The purist single-point recording side of Ambisonics can be thought of as using an overblown middle-and-side microphone technique (for more on this subject, check out the article in SOS February 1997). However, the cleverness of Ambisonics really manifests itself in the decoding — converting the microphone's output signals into a form suitable to drive a number of loudspeakers. It is the complexity (and therefore the cost) of decoding which played a large part in the failure of Ambisonics to gain a hold in domestic hi-fi equipment. Very few companies have manufactured decoders for the system, whether professional or domestic, over the last 30 years, although with the increasing prevalence of digital signal processing in consumer equipment, Ambisonic decoding options are beginning to become more apparent, for example in high-end hi-fi systems from the likes of Meridian Audio and Bryston.
The Ambisonic concept is based on the idea of capturing the sound impinging on a single point in space from any and every direction. This is, of course, completely impossible — a multi-directional microphone cannot be made that small. However, if incident sound can be measured across the surface of a sphere, it is a mathematical exercise to calculate what would be detected at an infinitely small point at the centre of that sphere. In practical terms, the incident sound can be measured by a combination of microphone capsules mounted in coincidence — or as near coincidence as is physically possible.
The principle of an Ambisonic microphone — whether a dedicated single-point mic like the Soundfield, or a combination of coincident conventional mics, such as the Nimbus-Halliday array — relies upon a combination of orthogonal bi-polar patterns with an omnidirectional, pressure sensitive capsule. The output of the omni capsule is referred to as the 'W' signal, and provides information about the overall amplitude of sound impinging on the microphone array.
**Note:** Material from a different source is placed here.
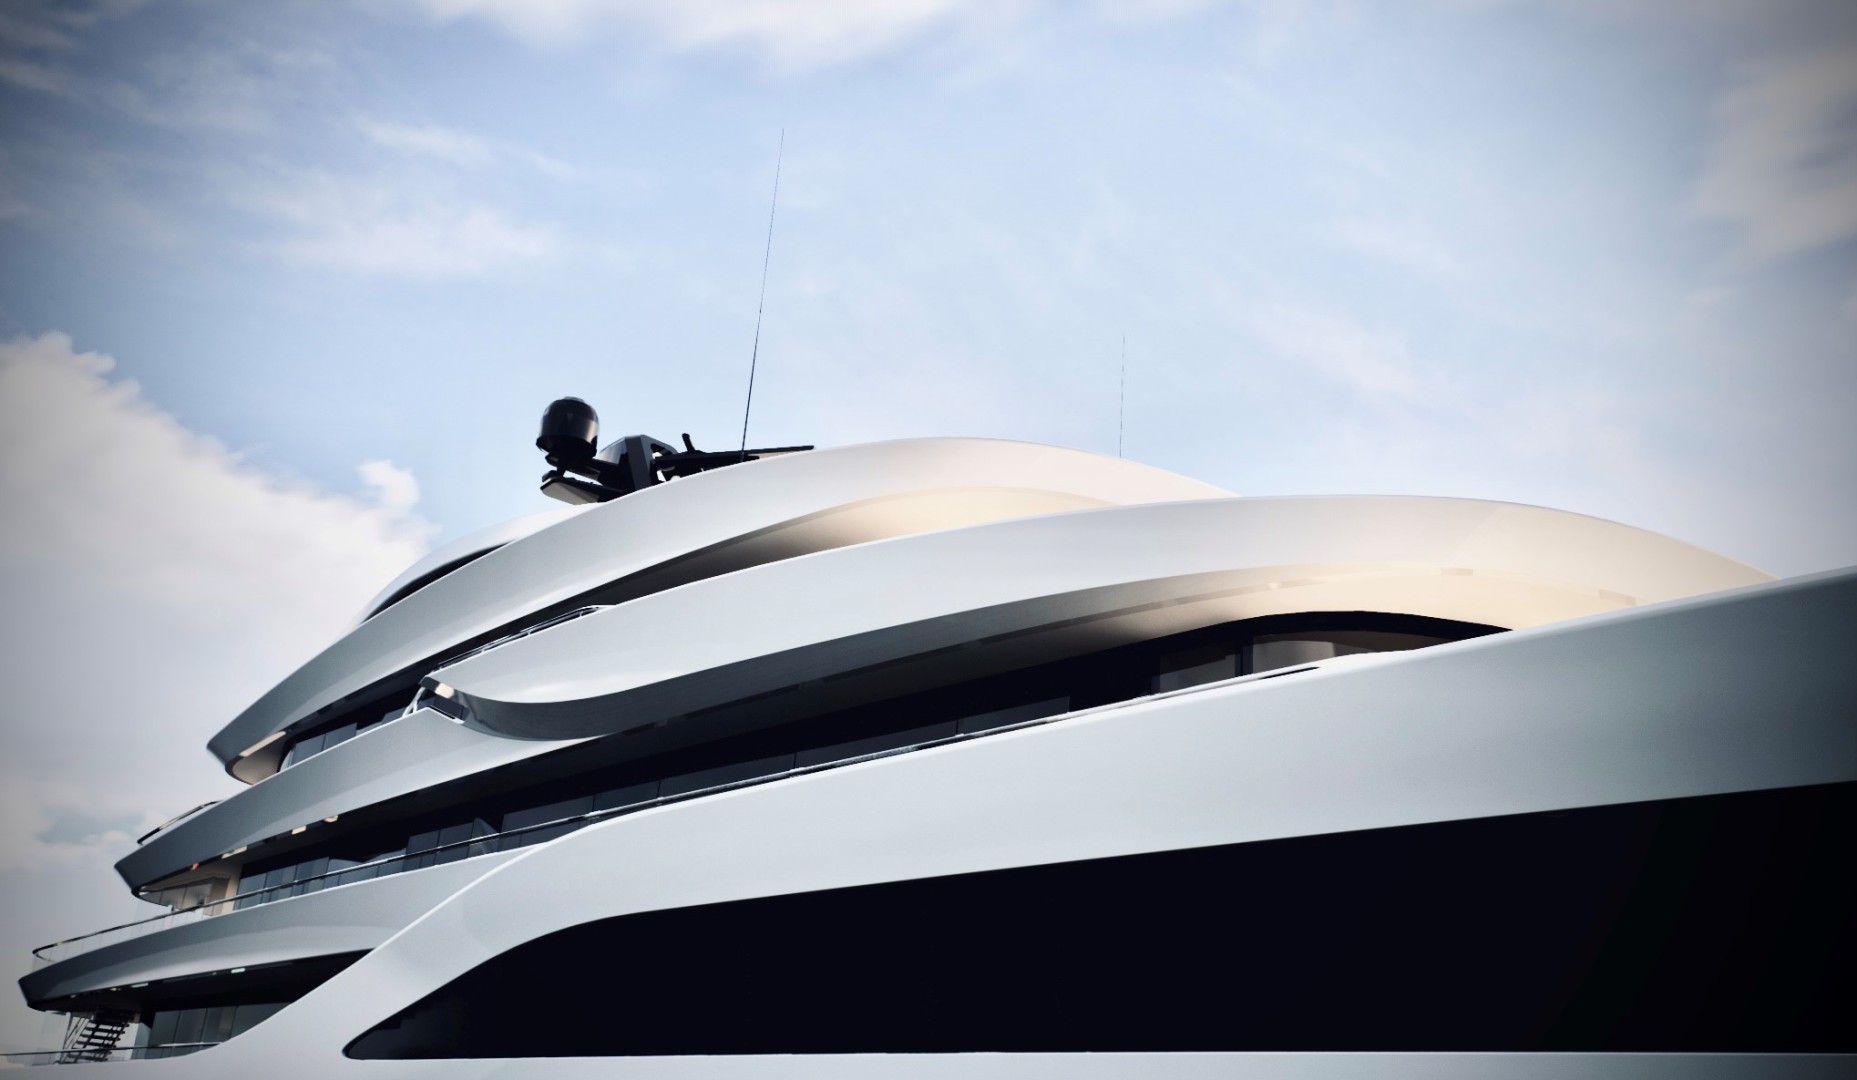 The Italian Sea Group annuncia la vendita di un nuovo megayacht Admiral

The bi-polar or figure-of-eight capsules provide the directional information — that is, their outputs can be used to determine the direction from which each element of sound arrives. One of these capsules points front-back (providing the 'X' signal), another left-right ('Y') and the third up-down ('Z'). These four signals convey everything there is to know about the amplitude and direction of acoustic signals arriving at the microphone (see diagram).
The four signals together are known as B‑format signals, and if recorded on four discrete tracks can provide a record of the original sound, captured with total three-dimensional accuracy. By replaying this B‑format material through a suitable decoder, a full 'periphonic' recreation of the Ambisonic sound stage is possible (ie. one that includes both horizontal and vertical imaging). Although the discrete-channel surround systems currently in vogue only provide horizontal imaging over four, five, six, seven, or eight channels (ie. in one plane only), Ambisonics has always been capable of true three-dimensional imaging — something which is only now being suggested for discrete-channel surround systems with the 10.2 system recently proposed by Tom Holman (more on this next month).
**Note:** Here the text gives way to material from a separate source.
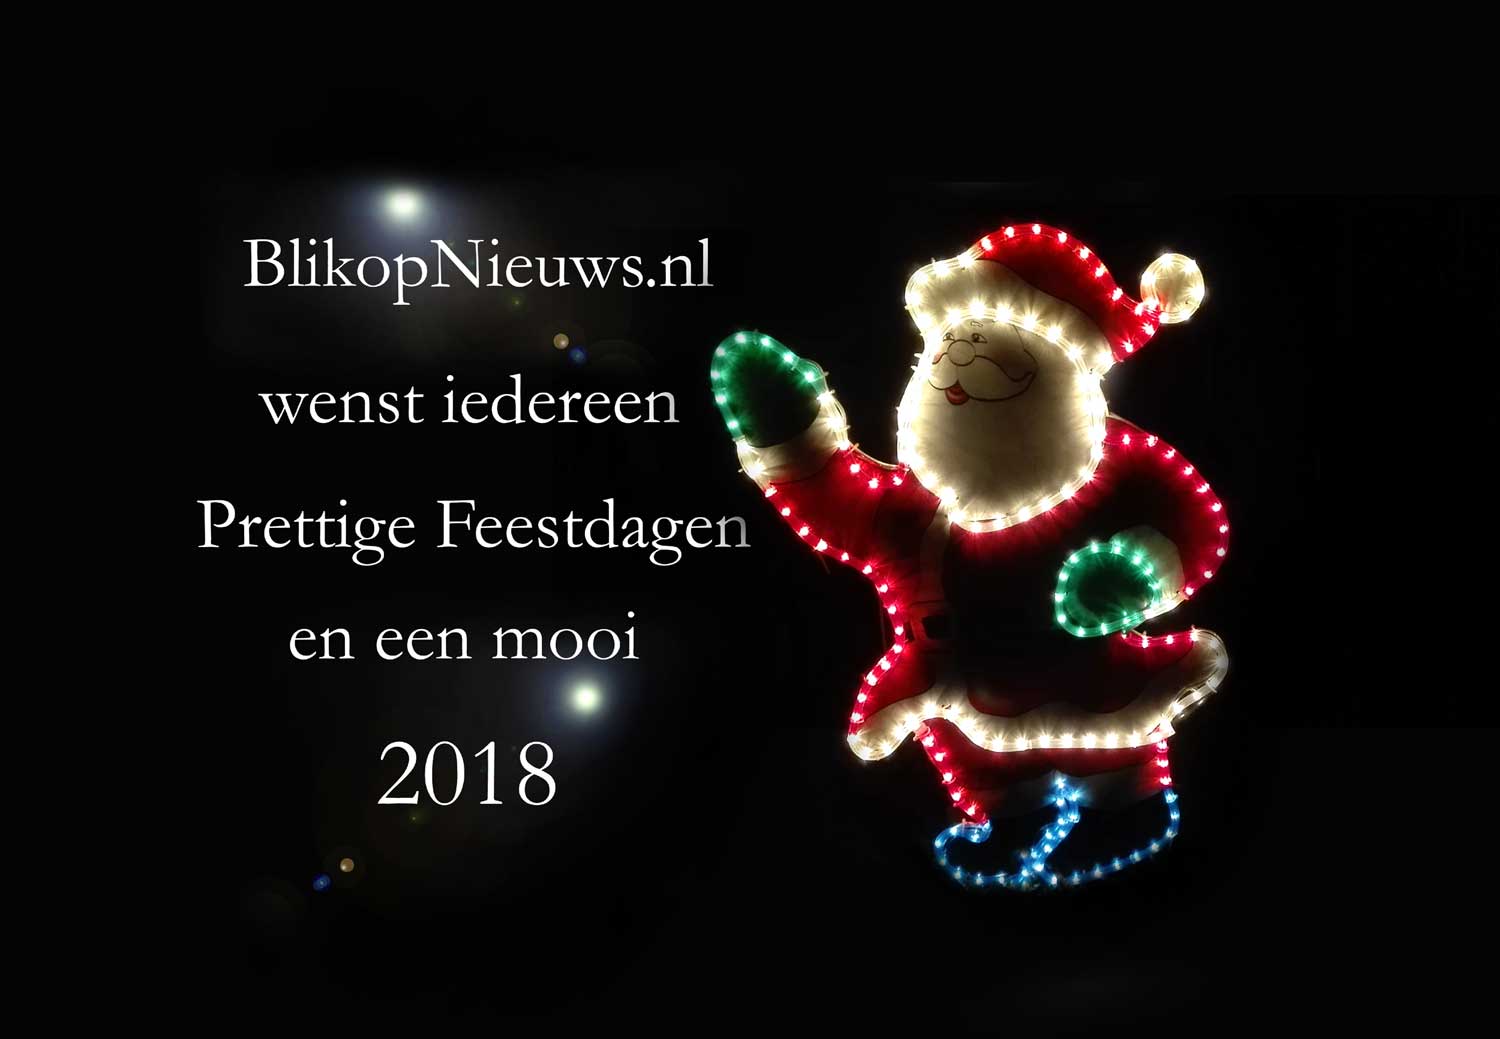 Jaaroverzicht 2017 BlikopNieuws.nl

It is also possible to take B‑format signals to post-production and manipulate them to obtain the most aesthetic and appropriate result for a given format. Alternatively, the signals can be combined immediately after capture to allow storage on fewer tracks, albeit with correspondingly less flexibility in post-production — more on this in a moment.
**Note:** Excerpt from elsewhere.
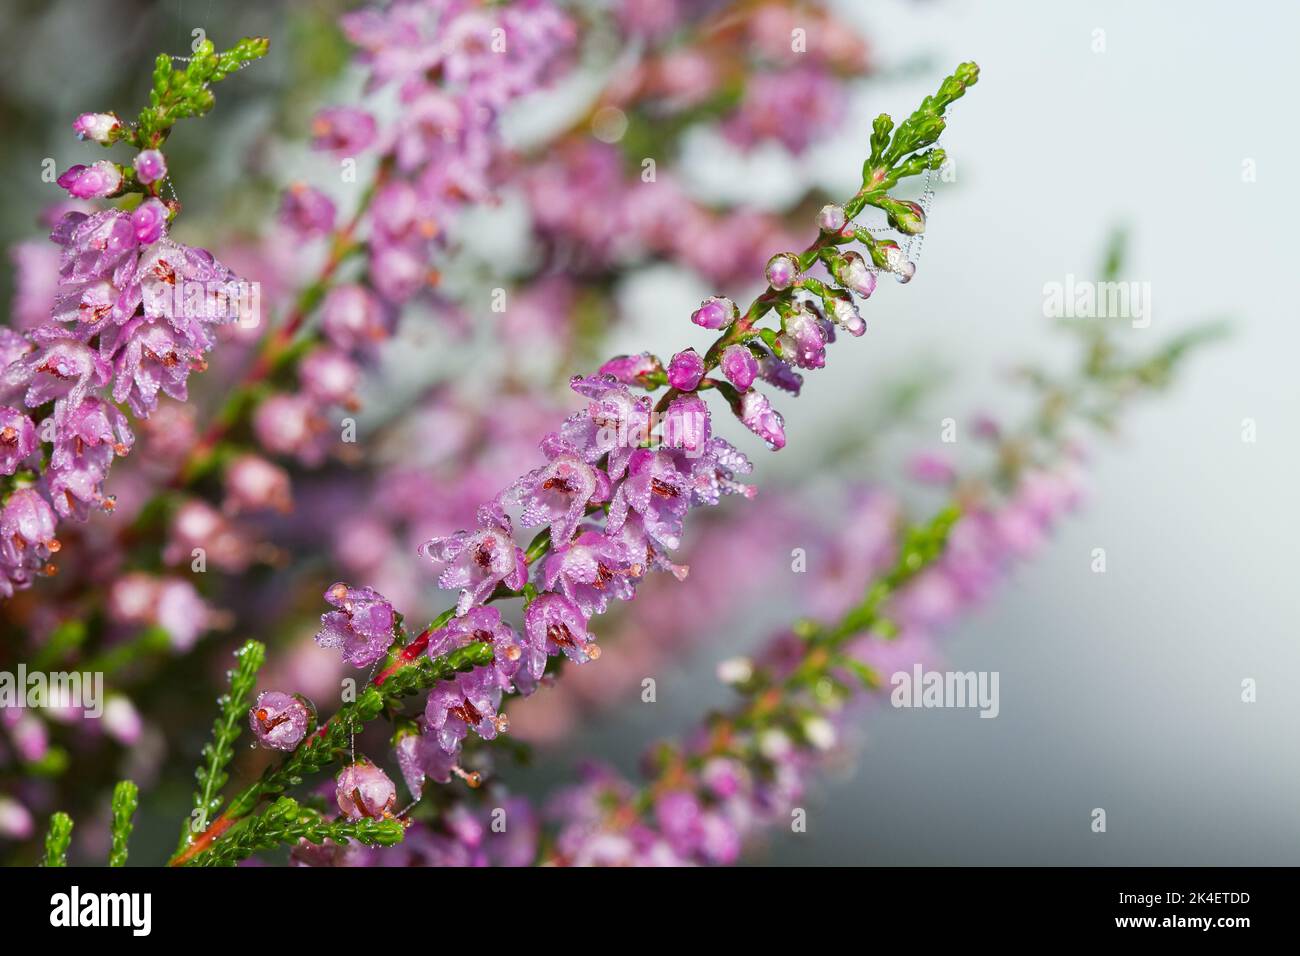 Flores malvas dewed de brezo común en la mañana temprano Foto de stock

By combining the W, X, Y and Z signals in various ways, it is possible to recreate the effect of any conventional microphone polar pattern (from omni, through cardioid, hypercardioid and figure-of-eight), pointed in any direction. This works in exactly the same way as a conventional stereo middle-and-side microphone, only in three dimensions instead of just one (left-right). With the right combinations of W, X, Y and Z signals, it is therefore possible to replicate the signals that would have been obtained from, say, a stereo pair of crossed cardioids with a 110-degree mutual angle, dipped 25 degrees from horizontal.
To see how this works, consider combining the output of the X and Y signals in equal amplitude. The result would be a new figure-of-eight pattern with its positive-polarity lobe pointing 45 degrees to the front-left. Reducing the amount of X signal slightly will twist the pattern further to left, say to 55 degrees. Now mix in a little minus-Z (ie. phase-inverted Z) which will have the effect of tilting the figure-of-eight pattern downwards slightly. If this combination is then combined with an equal proportion of the omnidirectional W pattern, a cardioid response is created, representing the left microphone in the notional crossed pair described above. Repeating the whole thing again, substituting minus-Y for Y, will create a cardioid pattern facing 55 degrees right and tilted slightly downwards. Hey presto, a totally accurate representation of a stereo crossed cardioid array has been produced.
Ambisonics — as a concept — began over 30 years ago as the brainchild of a small group of academics including the late Michael Gerzon. Their efforts were supported and backed by the UK government's National Research and Development Council (NRDC) with assistance along the way from such august bodies as the BBC. When the NRDC eventually folded in a Government shake-up, the patents were sold to the record label (and later CD manufacturing company) Nimbus.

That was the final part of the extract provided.